_Task instructions_: Print, word for word, only the lines from the one with "Boba Milk Best-Tea" down to the last line of the listing below; no pictures.

_Data shown_:

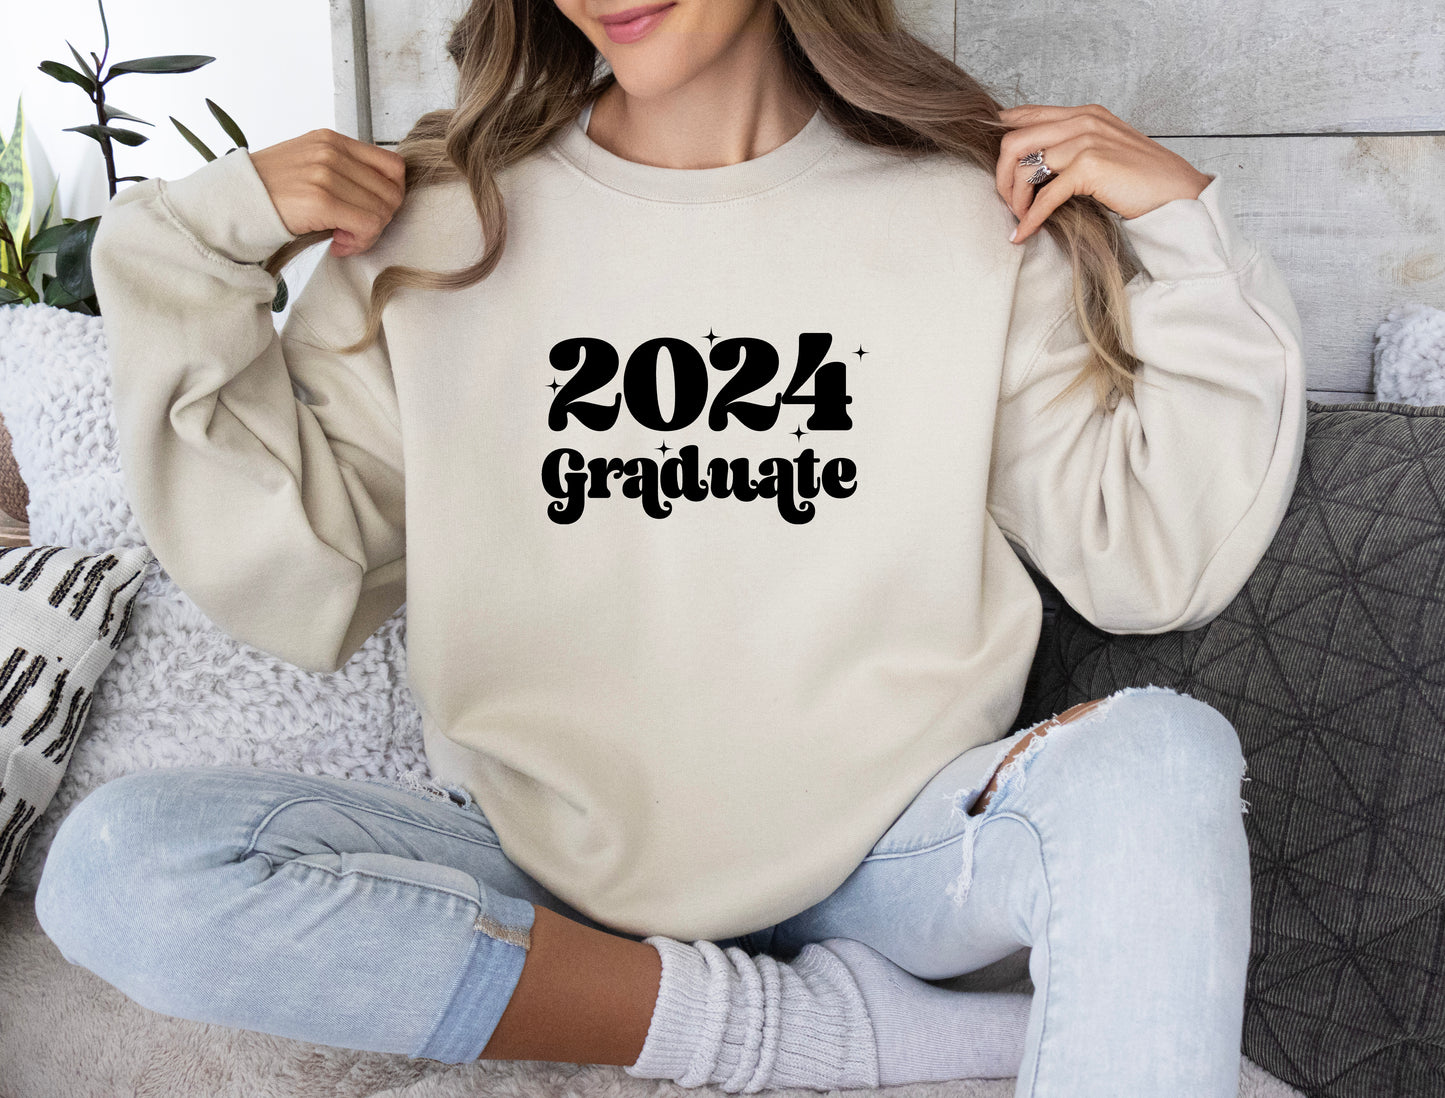 Grad 2024 Comfy Sand Color Crewneck Sweatshirt in Retro Font
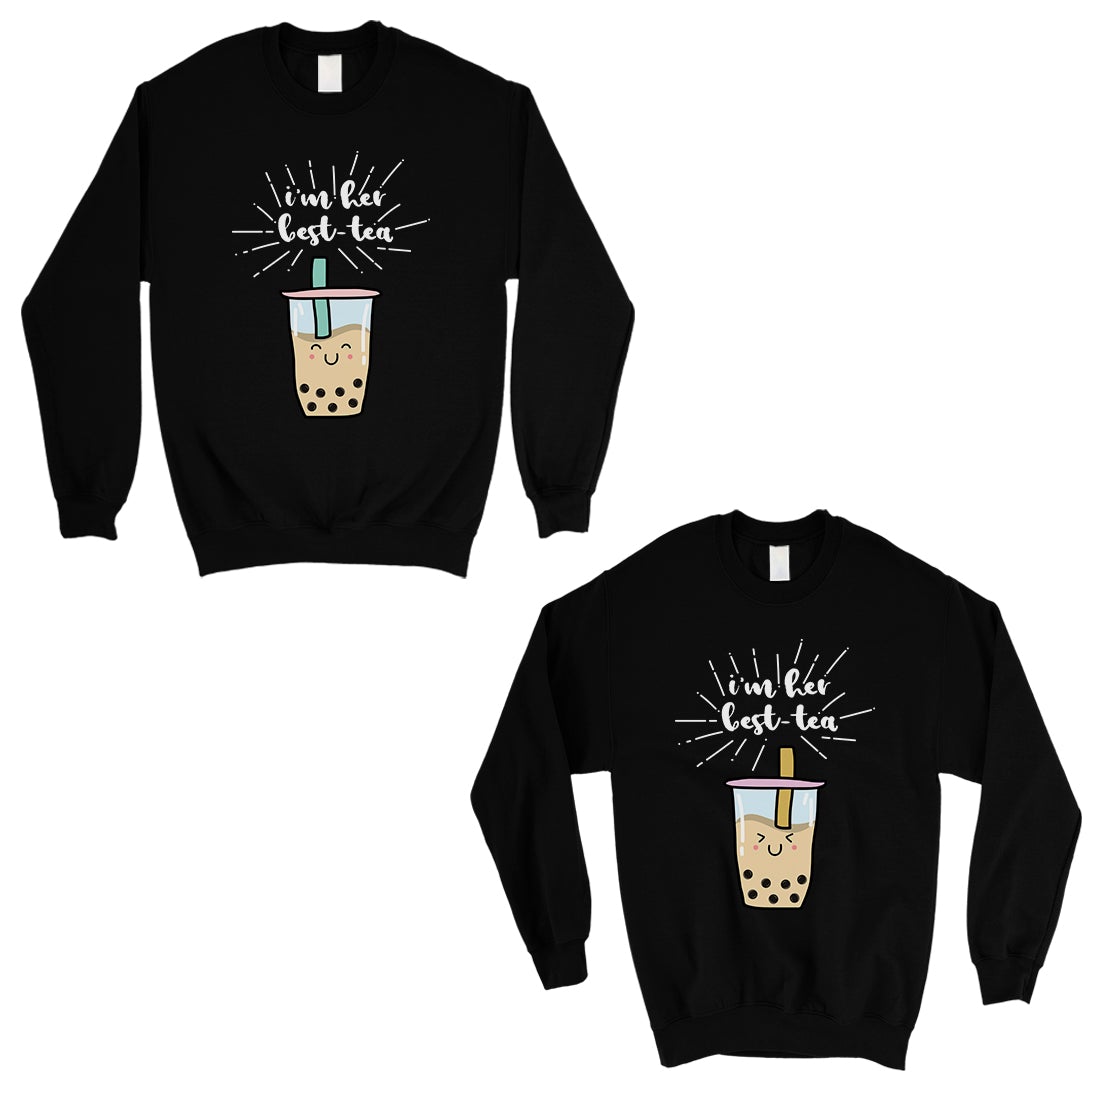 Boba Milk Best-Tea Cute BFF Matching Sweatshirts Birthday Gift Black
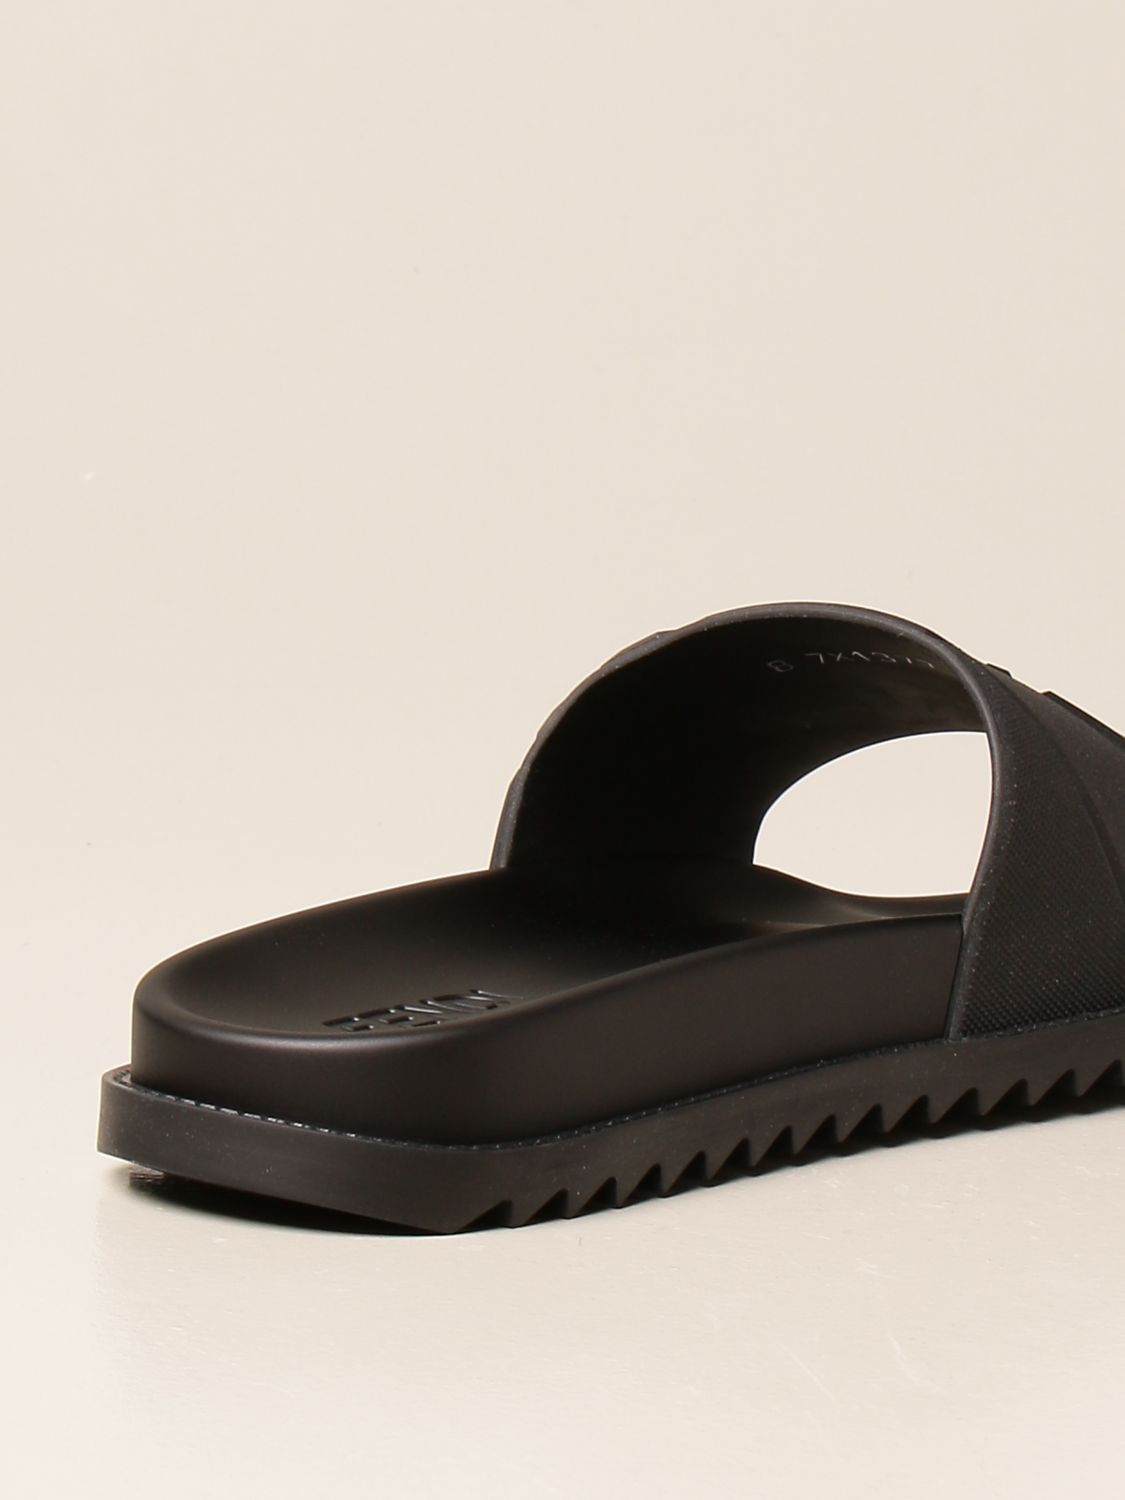 FENDI: rubber with embossed FF logo | Sandals Fendi Men Black | Fendi 7X1377 ABO2
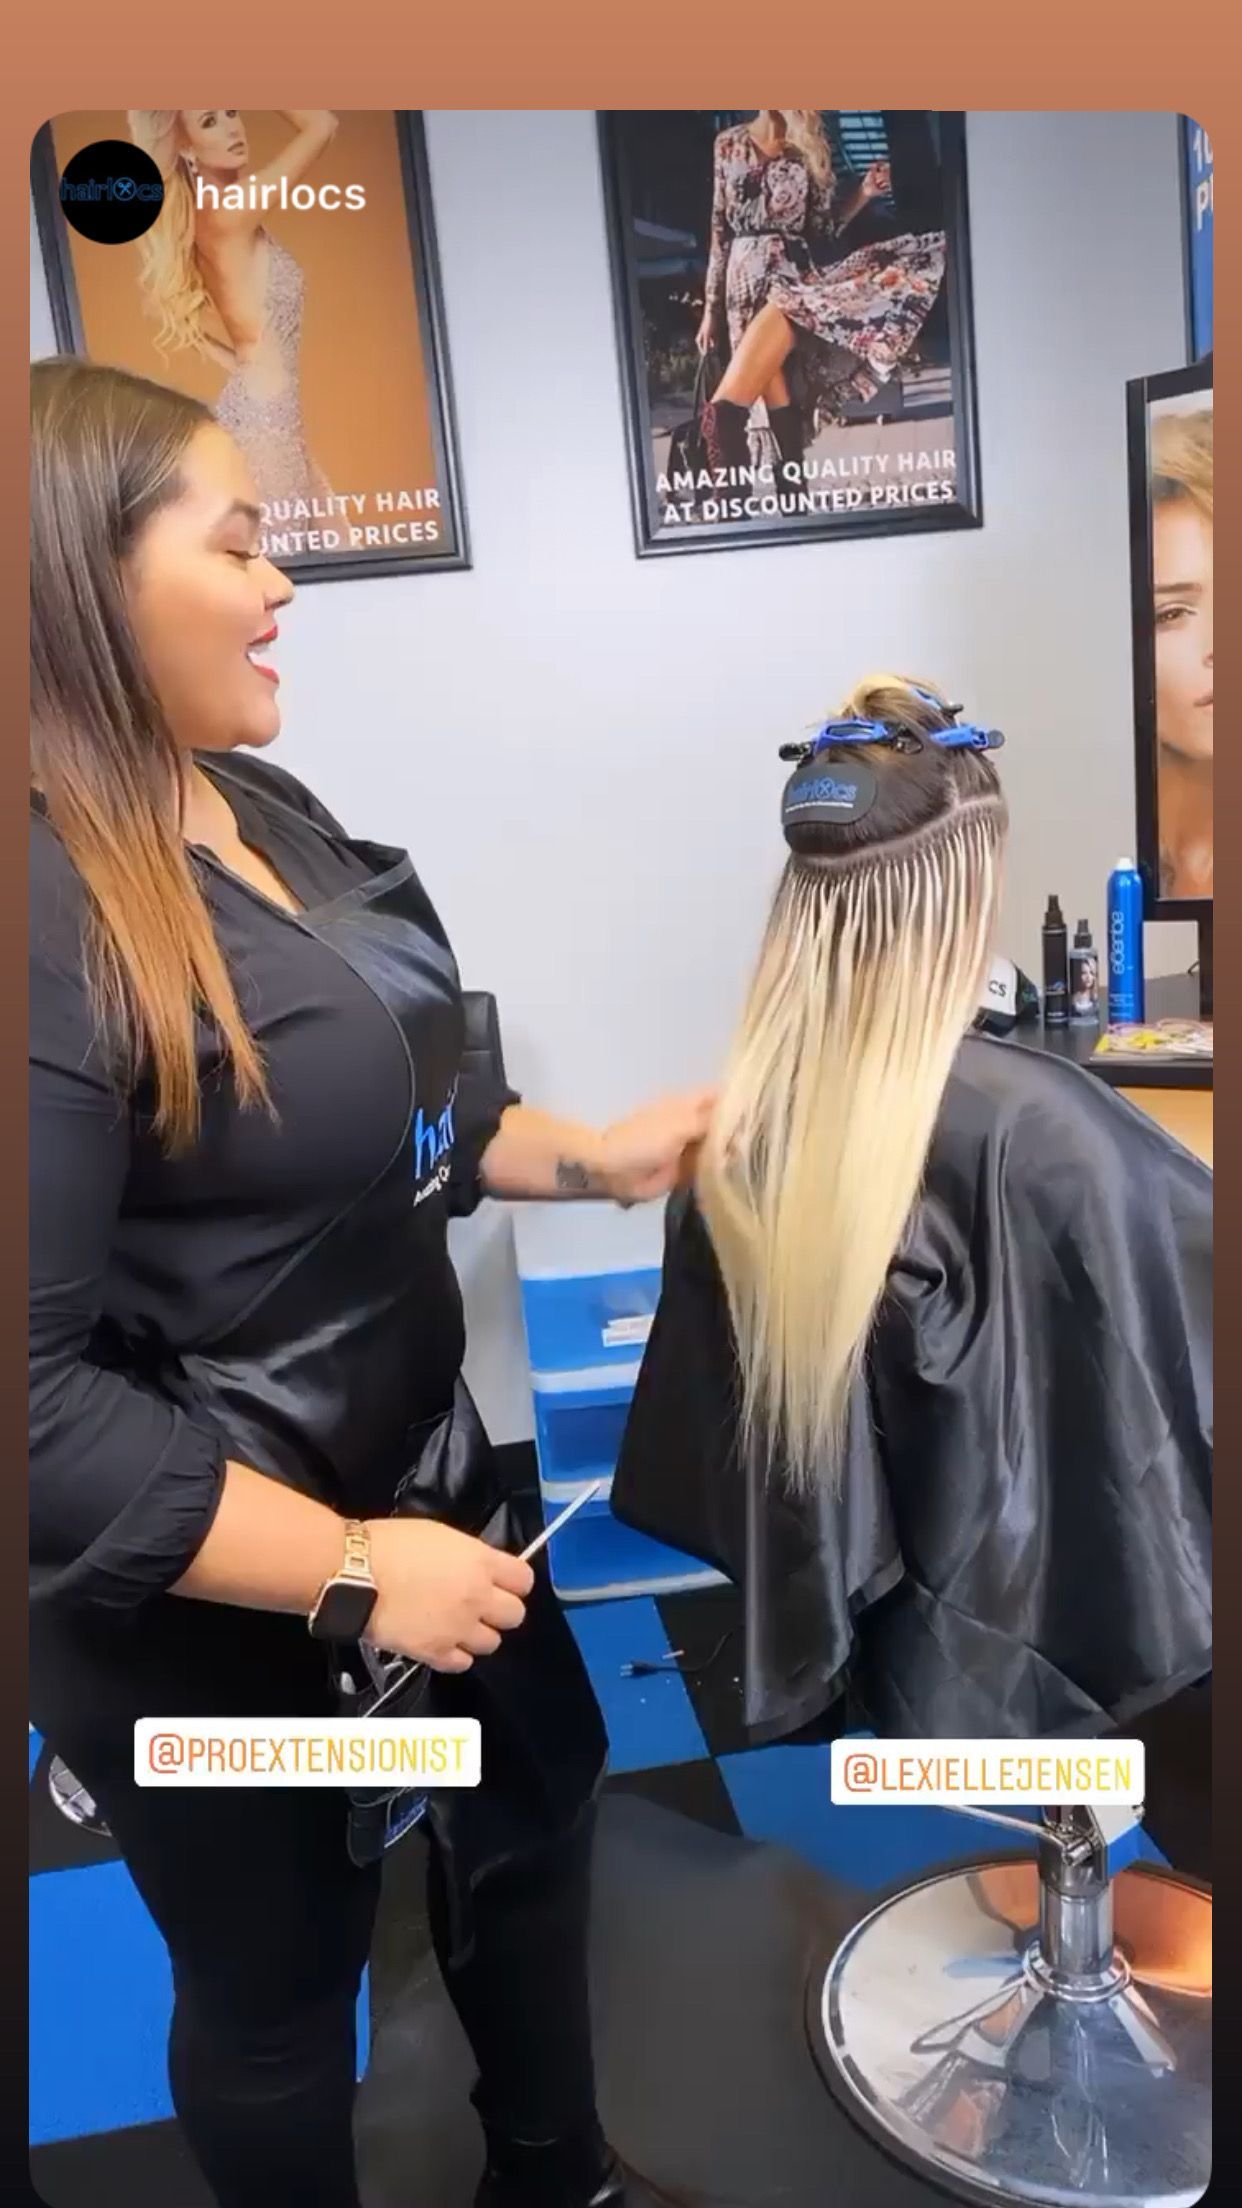 a woman is cutting a woman 's hair in a salon .

_Exercise solution_:
 Boba Milk Best-Tea Cute BFF Matching Sweatshirts Birthday Gift Black
 FENDI: rubber with embossed FF logo | Sandals Fendi Men Black | Fendi 7X1377 ABO2
 a woman is cutting a woman 's hair in a salon .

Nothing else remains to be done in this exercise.